»»

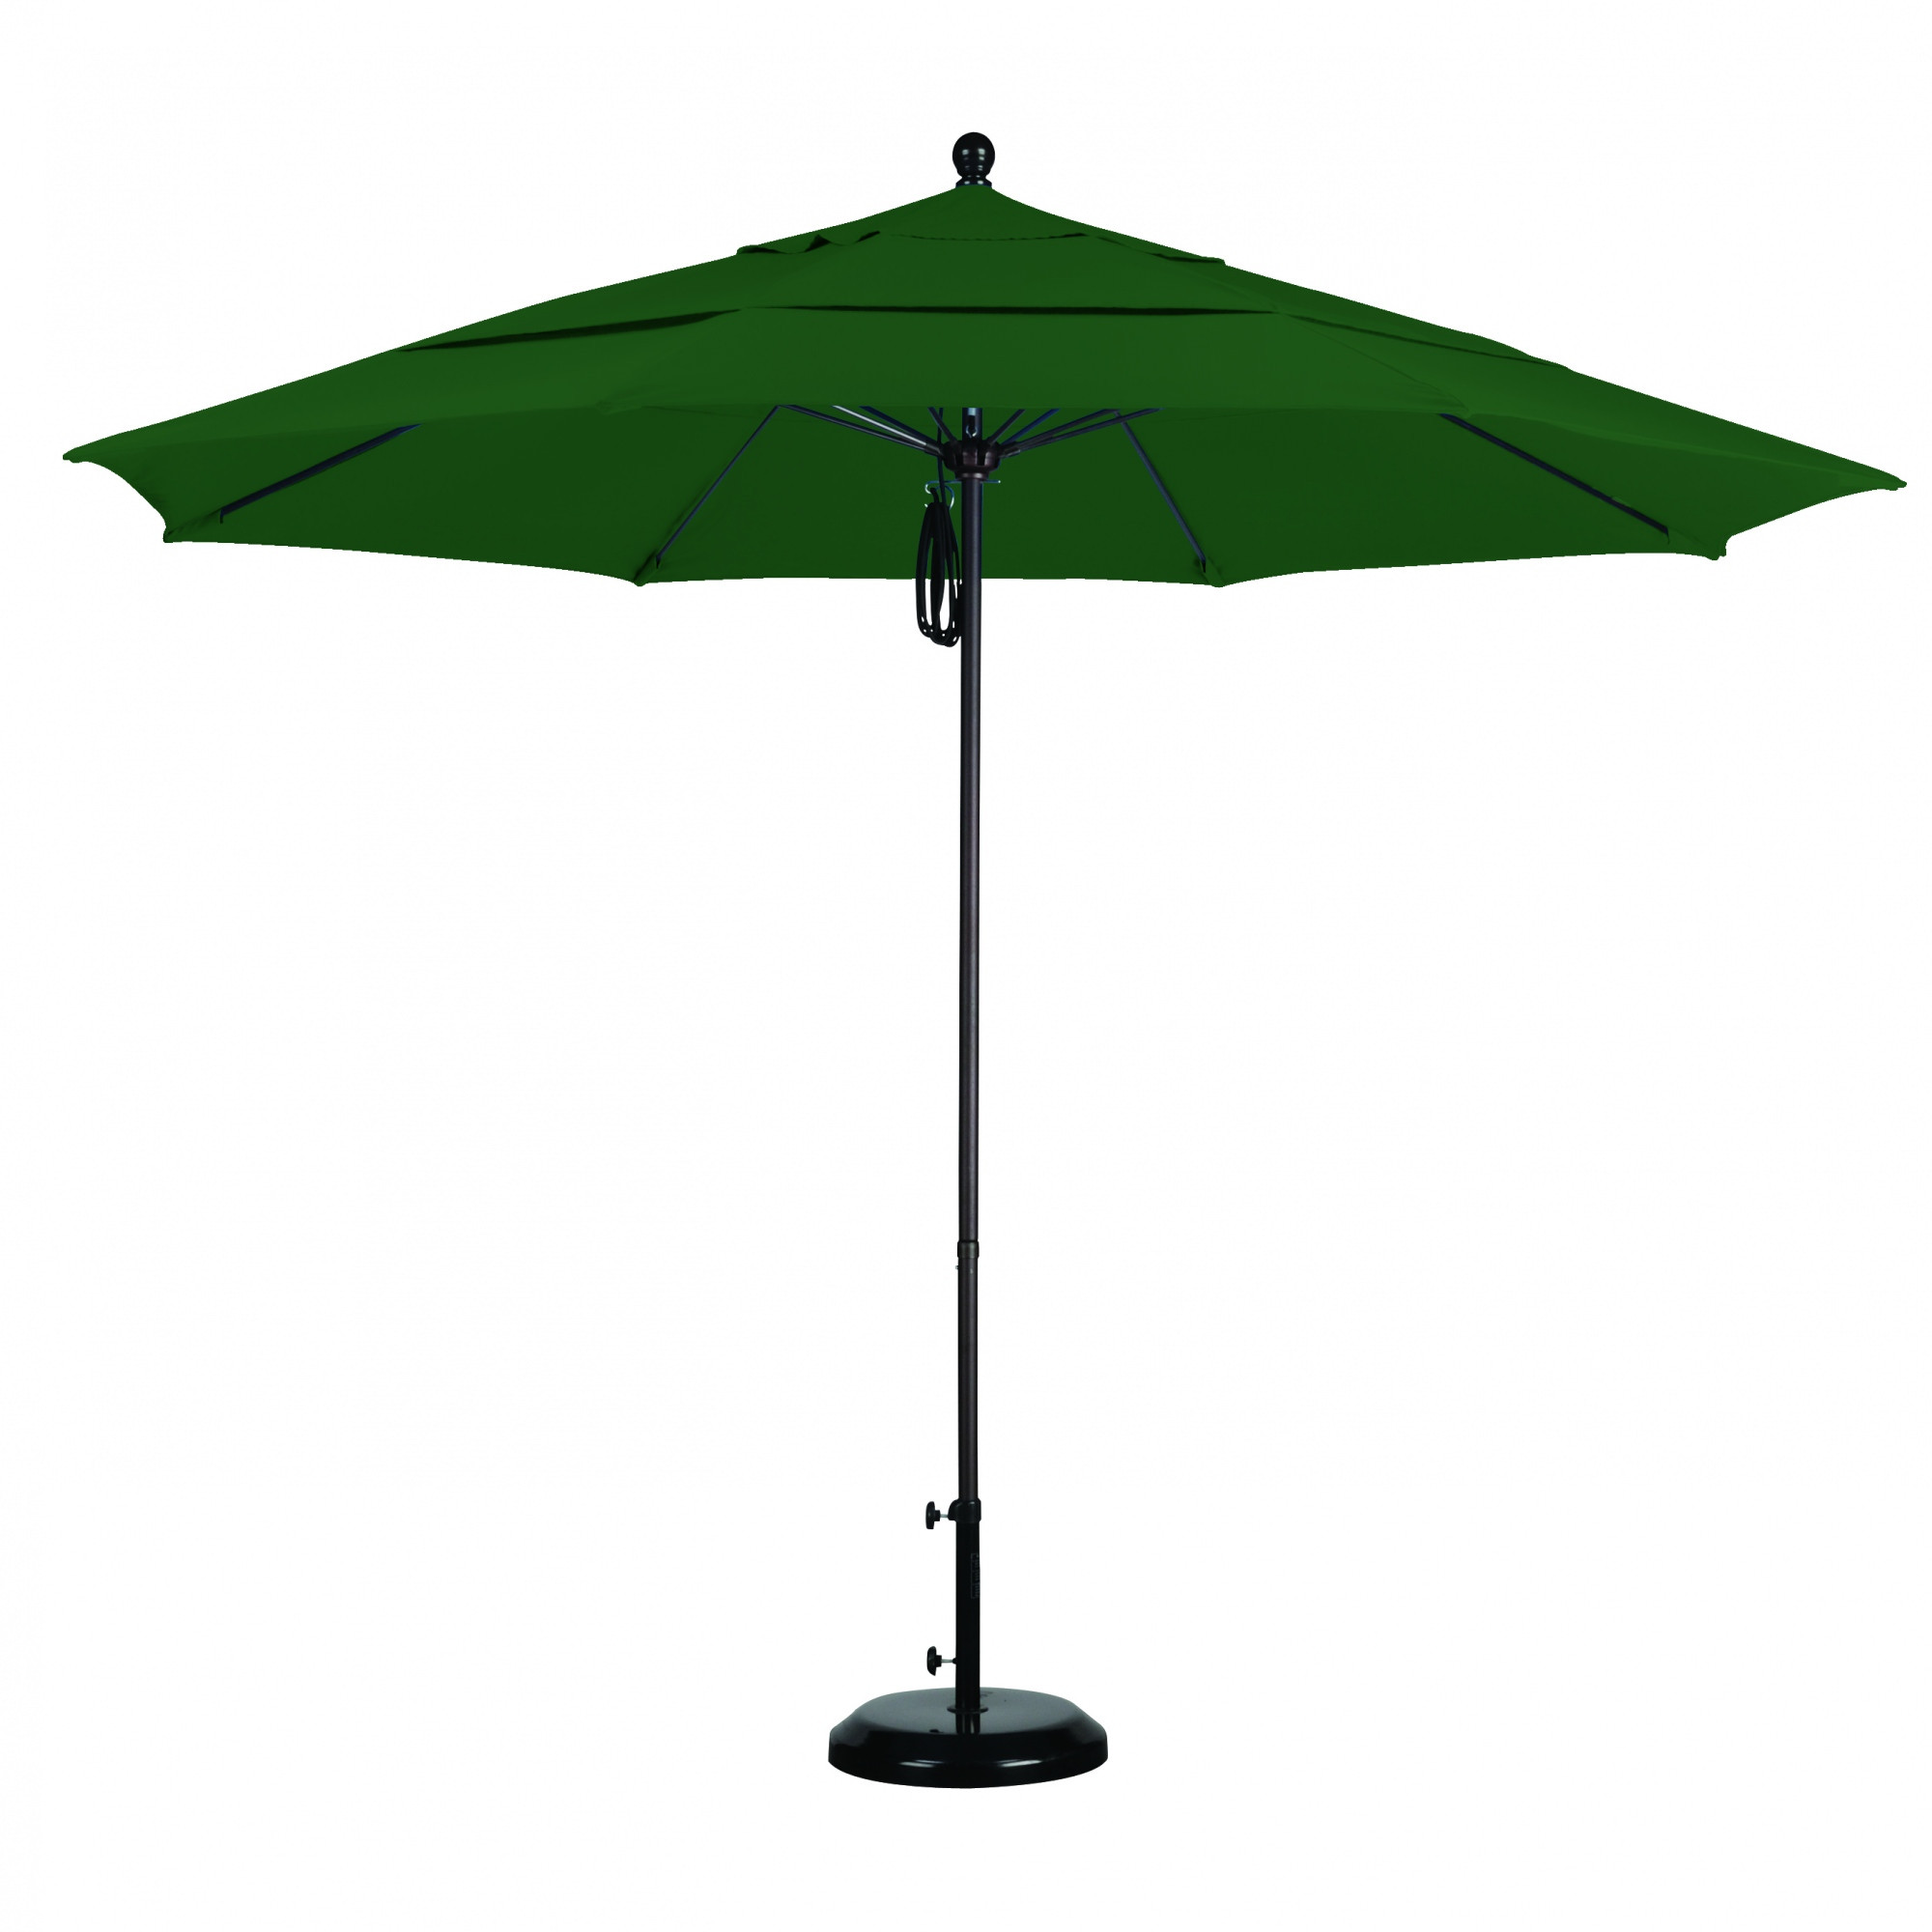 Best ideas about Sunbrella Patio Umbrellas
. Save or Pin 11 Ft Sunbrella Pulley Patio Umbrella with Bronze Pole Now.
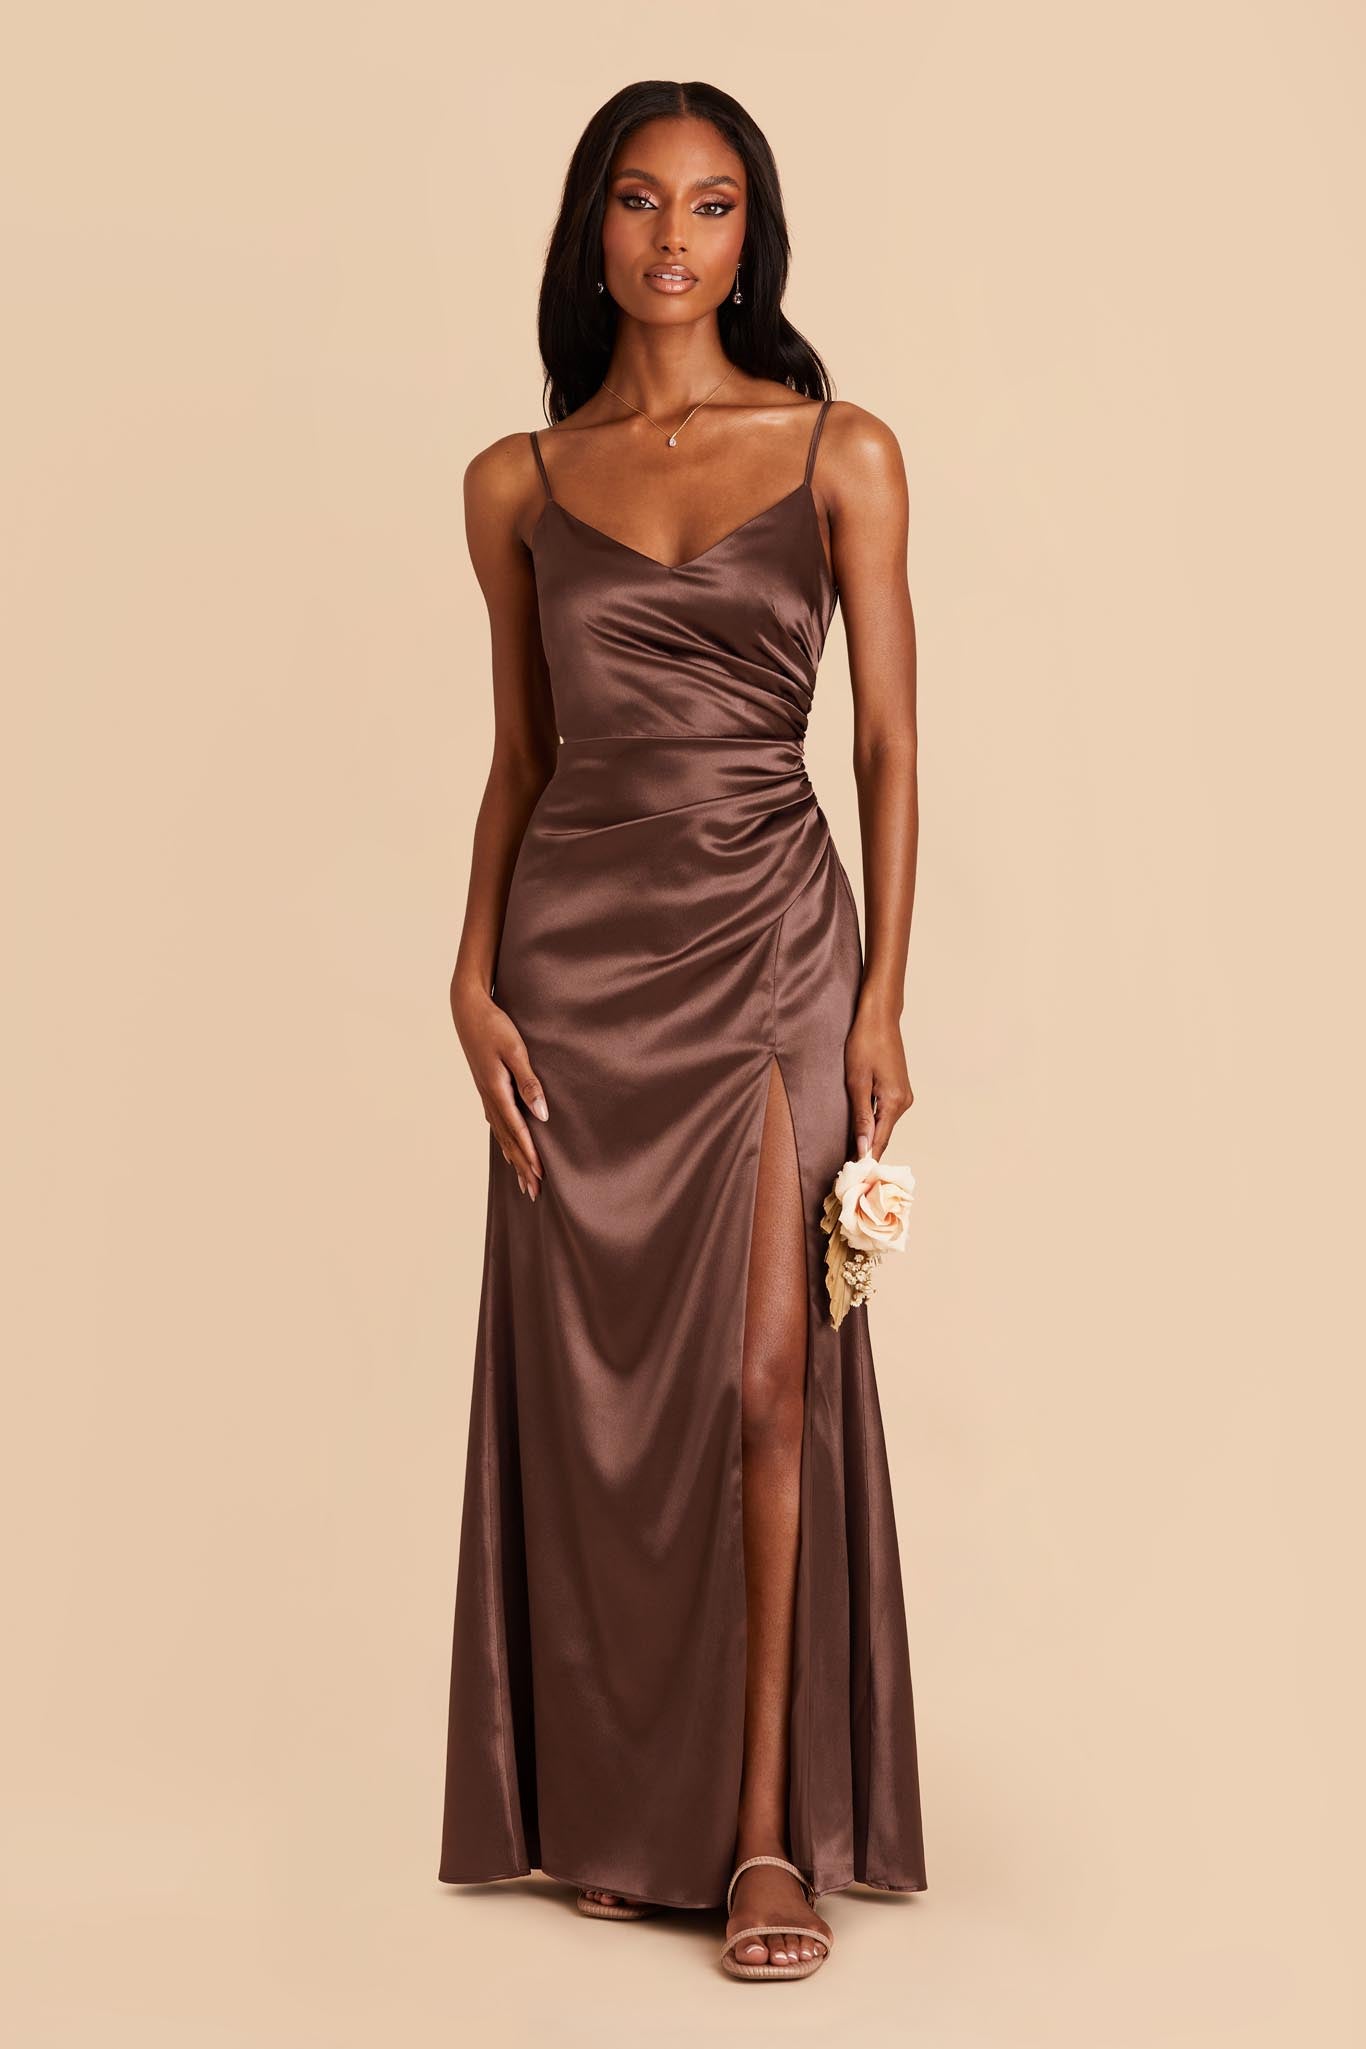 Chocolate Brown Catherine Shiny Satin Dress by Birdy Grey

««

--- REQUIRED WORK ---
Copy the listing over exactly, skipping the pictures it holds.

--- OUTPUT FOR THIS EXERCISE ---
 Best ideas about Sunbrella Patio Umbrellas
. Save or Pin 11 Ft Sunbrella Pulley Patio Umbrella with Bronze Pole Now.
 Chocolate Brown Catherine Shiny Satin Dress by Birdy Grey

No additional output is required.